<<<<

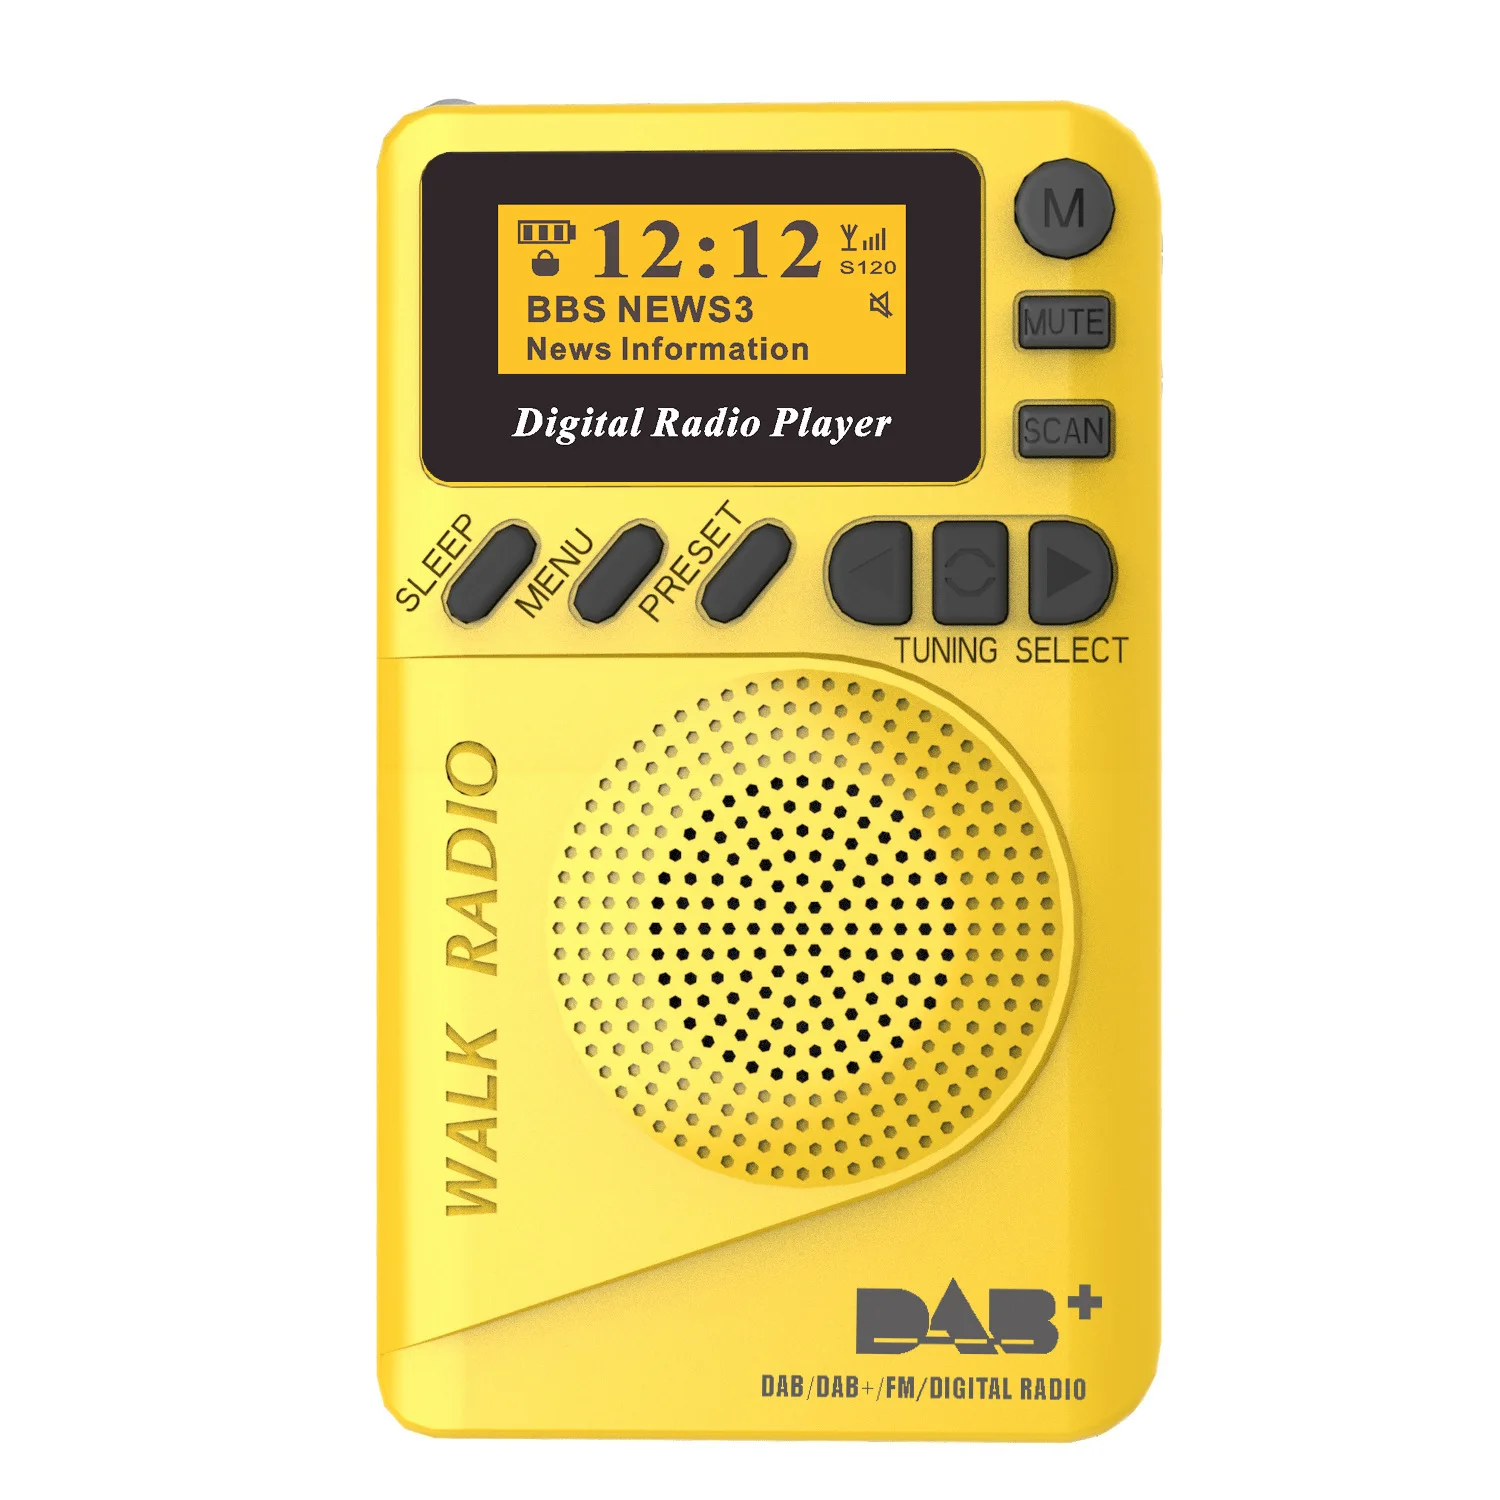 Portable Mini Radio Receiver Pocket DAB/DAB+ Digital Radio FM LCD Display Good Sound Speaker Long Battery Life
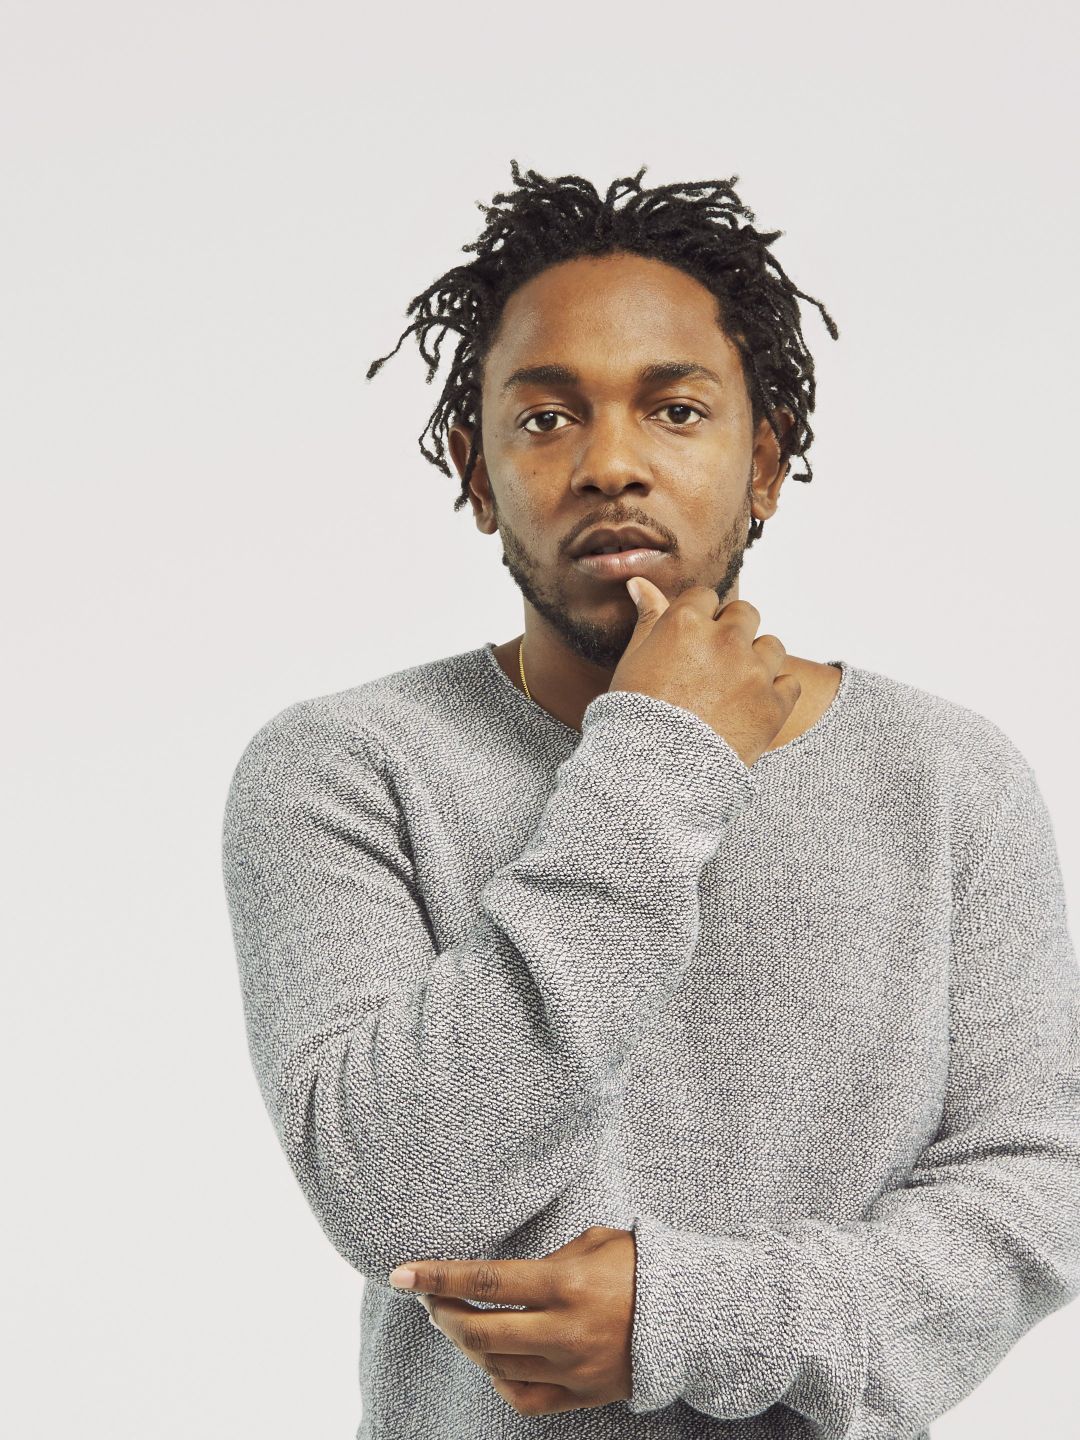 Kendrick Lamar ethnicity
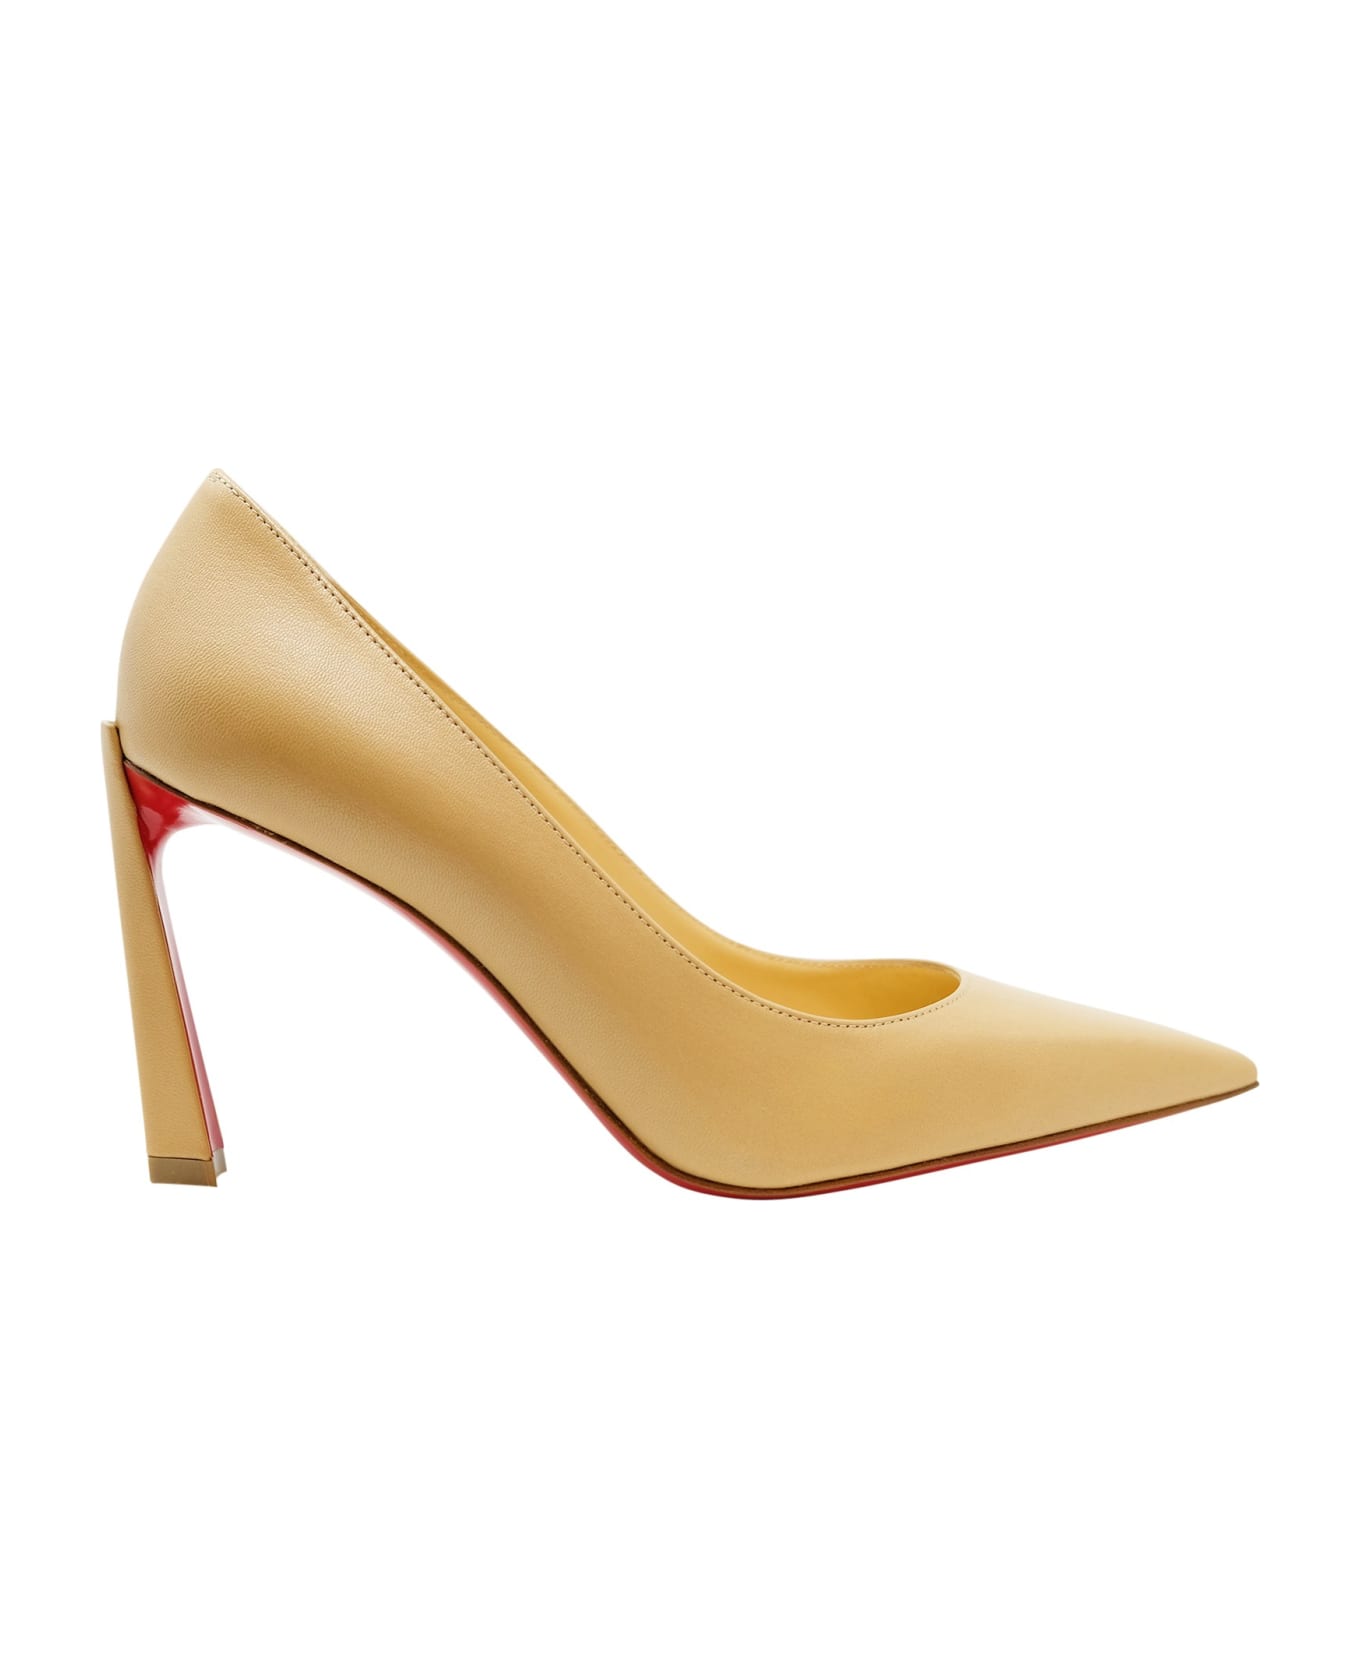 Christian Louboutin High-heeled Shoe - NUDE

>>>>

The full listing above, duplicated exactly and without its pictures, is the answer.

 Portable Mini Radio Receiver Pocket DAB/DAB+ Digital Radio FM LCD Display Good Sound Speaker Long Battery Life
 Kendrick Lamar ethnicity
 Christian Louboutin High-heeled Shoe - NUDE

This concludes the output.